Once arrived on a new island, these arachnids may occupy similar niches to those they left behind at the places from whence they came, essentially spreading the range of a particular species. But then it’s common for the spiders to move into new niches on the islands they have more recently colonized, evolving into new species.
By a morphological analysis, four general types of spiny legged Tetragnatha spiders have arisen on the Hawaiian Islands. The green type live on leaves, the maroon ones are mostly found on mosses, the small brown ones make twigs their home and the large brown ones spend their lives blending in against backgrounds of tree bark. But DNA tests show that very often a spider with the same niche and morphology as a relative on another island will actually be more closely related to a spider on the same island with a different appearance and habitat. Thus, for example, the maroon types on Oahu are more closely related to the green types on that island than to the maroon Tetragnatha on Maui.
Hopping down the islands from west to east, it appears that time and again Hawaiian spiders have moved on, colonized new niches and diversified --- or not diversified. But that’s not the most tantalizing part of the picture. The greater variety found around one volcano on the eastern end of Maui holds the honor of being “where the action is.”
Dr. Gillespie believes that evolution tends to create more adaptations than nature will sustain, overshooting the equilibrium among diversification, immigration and eliminating lineages until a new equilibrium is reached. She's charted it out to show a curve in whch the number of species emerging overshoots nature's reserves to sustain them, and die-offs ensue. (Understand, however, that this entomologist is not indifferent to extinctions: she lists conservation of arthropods as one of her areas of activity on her website, and is documenting the effects that invasions of exotic species have had on the indigenous arthropods.)
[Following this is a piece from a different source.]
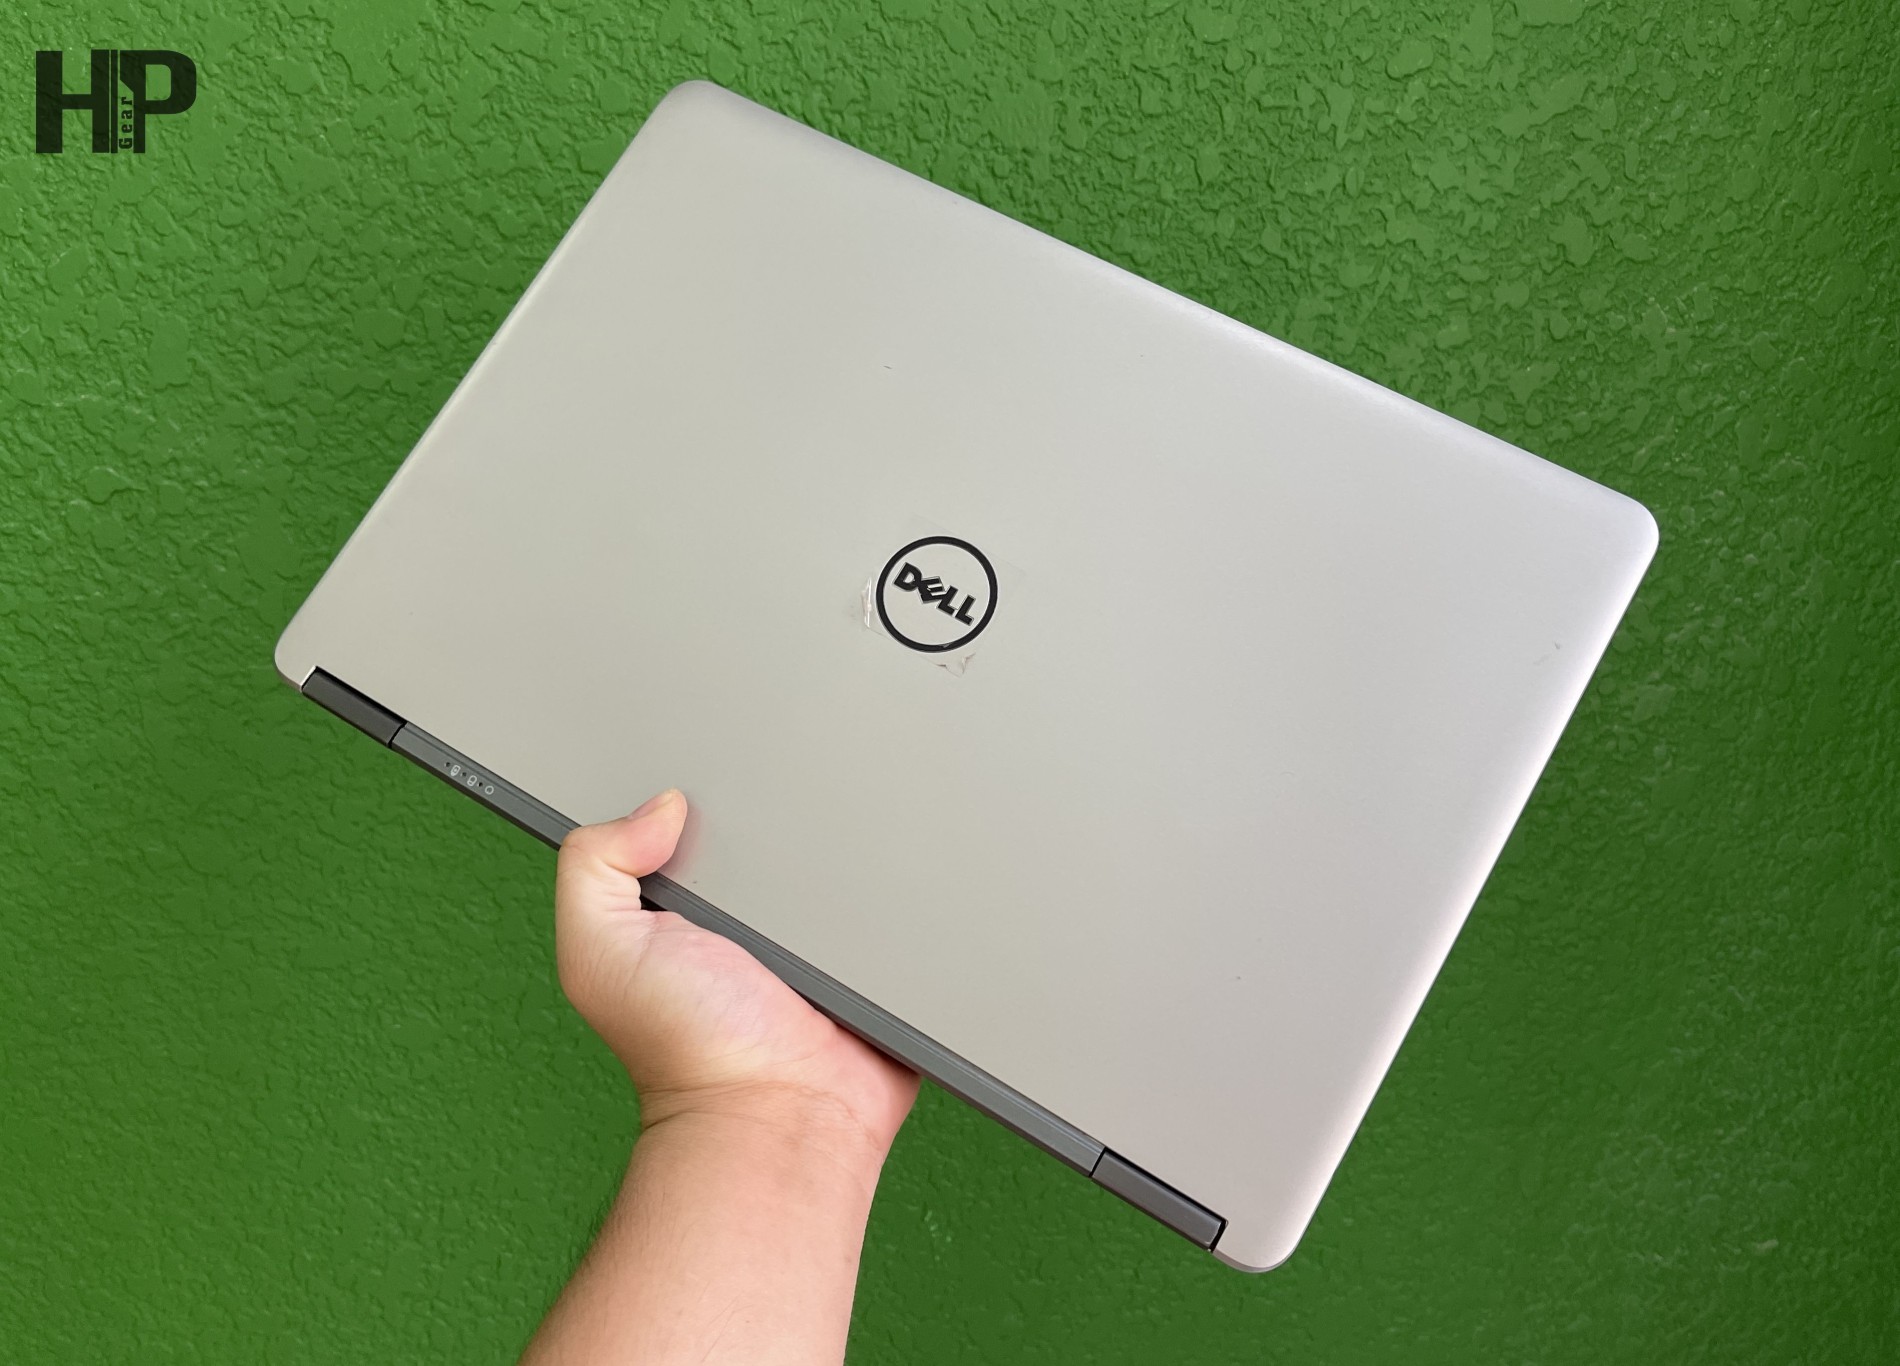 Laptop Dell Latitude E7440 Intel Core i5 – RAM 4GB, SSD 128GB, 14″ HD

Eastern Maui is the place where the spiny legged Tetragnatha have splintered into seven species, while in the older islands there are at most three or four species apiece but Gillespie thinks there used to be more. The younger island of Hawaii also has but four species, all of them descended from migrants from Maui. Looking at lineages over time, Gillespie expects only a few of eastern Maui’s species to survive, and the rise of several new Tetragnatha species on the big island of Hawaii, followed by a big fall for some of them.
It’s a matter of nature forcing different creatures to come up with the same answers to analogous problems, then picking winners and losers among those who have adapted. If that pattern can be shown to exist throughout nature, it may in turn give insights into such diverse phenomena as the relationship between modern humanity and the australopithecine hominids, the similar shapes of mammalian cetaceans and many fish species and what’s likely to happen to species that may be forced out of their niches by global warming.